Продолжение работы с геномом манула и канадской рыси
-
Геном манула не аннотирован, поэтому я работаю с аннотированным геномом довольно близкой к нему рыси - сборка mLynCan4.pri.v2 (GCF_007474595.2), Lynx canadensis (Canada lynx)
Я выбрала CDS белка SAP8, Sin3A associated protein 18 [Source:NCBI gene;Acc:115508722], Primary_assembly A1: 2,084,187-2,090,085 forward strand.
Находится на хромосоме A2, координаты 2,084,187..2,090,085; длина - 6030 нуклеотидов, длина белка - 172 аминокислоты.
GeneBank AC: NC_044303
Сплайсинг проходит по схеме join(21..149,332..441,5245..5367,5627..5783)
Используемый мной фрагмент хромосомы - эта CDS с припусками по обеим концам, координаты - 2084165..2090330, ограничена маркерами по обеим сторонам.
На картинках выше мы видим, что в нашей анализируемой последовательности только CGS SAP8, но рядом с ним на большом масштабе лежат другие гены, в основном они гораздо длиннее.
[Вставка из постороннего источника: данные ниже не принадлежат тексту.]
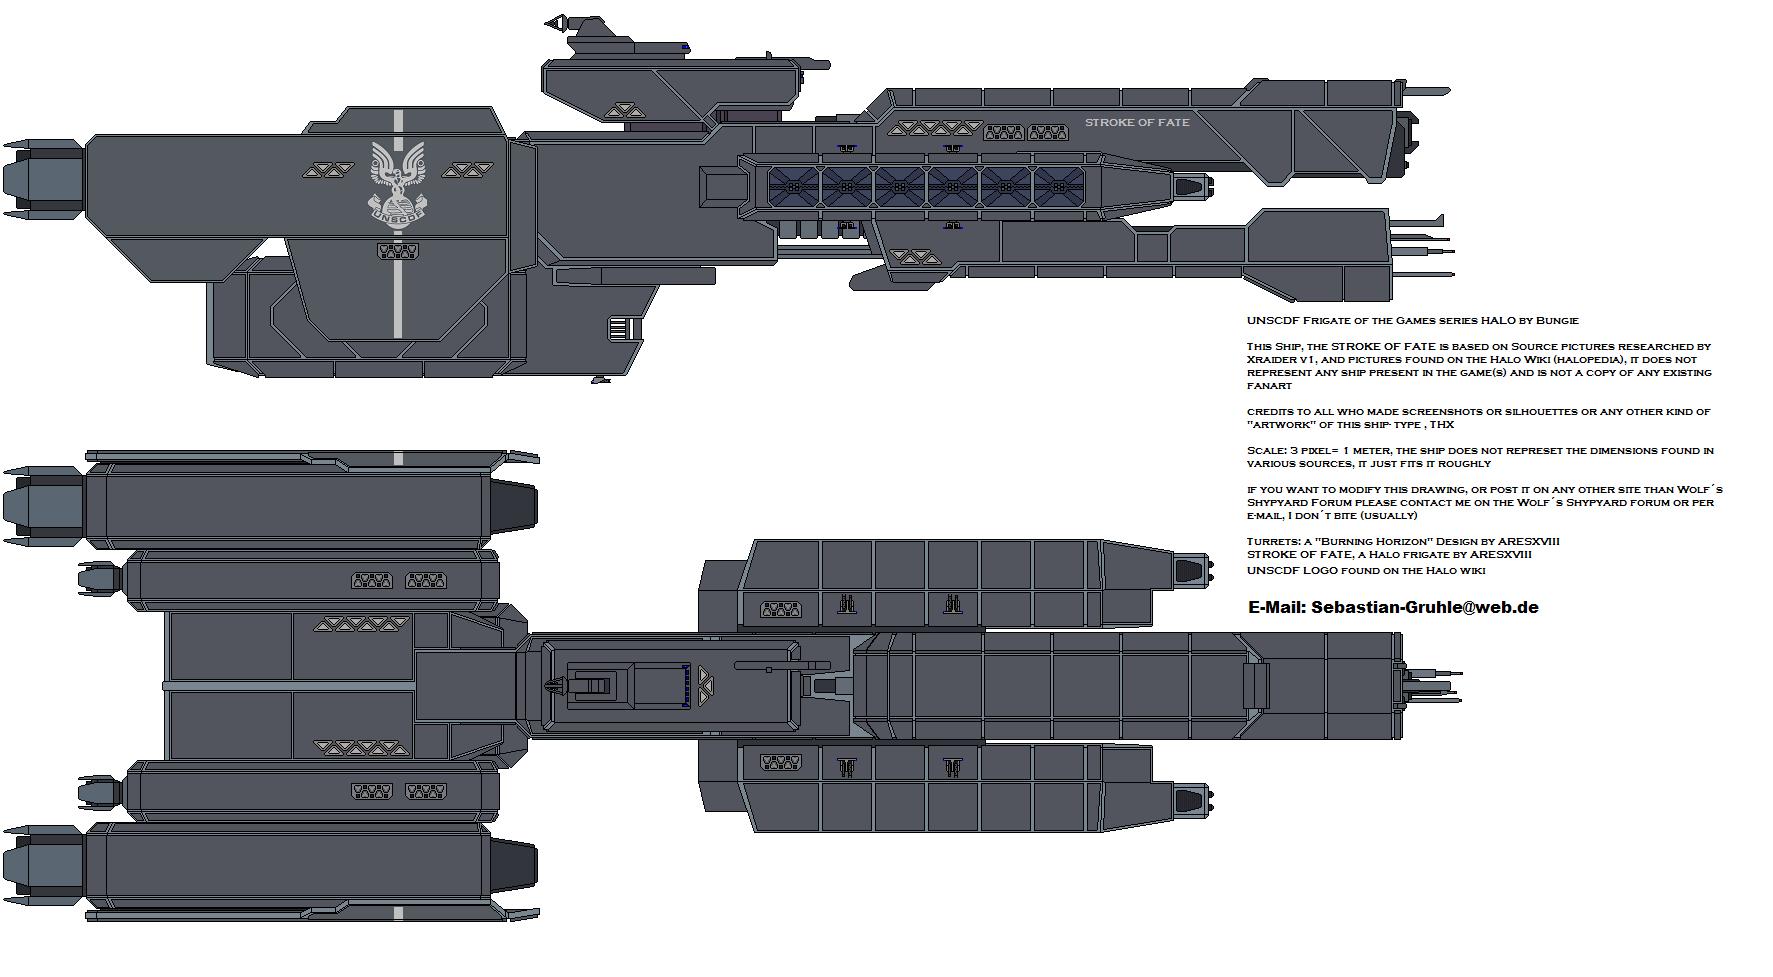 Halo 5 UNSC Frigate Triton: Test Render by calamitySi on DeviantArt

Зеленым обозначены protein-coding sequences, фиолетовым - функциональные РНК.
В качестве таксона для сравнения выбрала ехидну - она тоже относится к классу млекопитающие, но к другому подклассу - прототерии
Результаты BLAST:
1) MEGABLAST - нет находок. Этот алгоритм предназначен для поиска высокосходных последовательностей нуклеотидов, поэтому довольно логично, что он не обнаружил сходства между этими организмами. Этот алгоритм хорош, когда надо проанализировать очень близкие последовательности, например, может подойти для выравнивания геномов разных подвидов одного вида
2) Выдача blastn:
BLASTN ищет гомологичные, похожие последовательности, и он более чувствителен, чем мегабласт. Поэтому очень хорошо и закономерно, что он нашел хотя бы один хит: тот же Sin3A associated protein, только 18 изоформа, а не 8.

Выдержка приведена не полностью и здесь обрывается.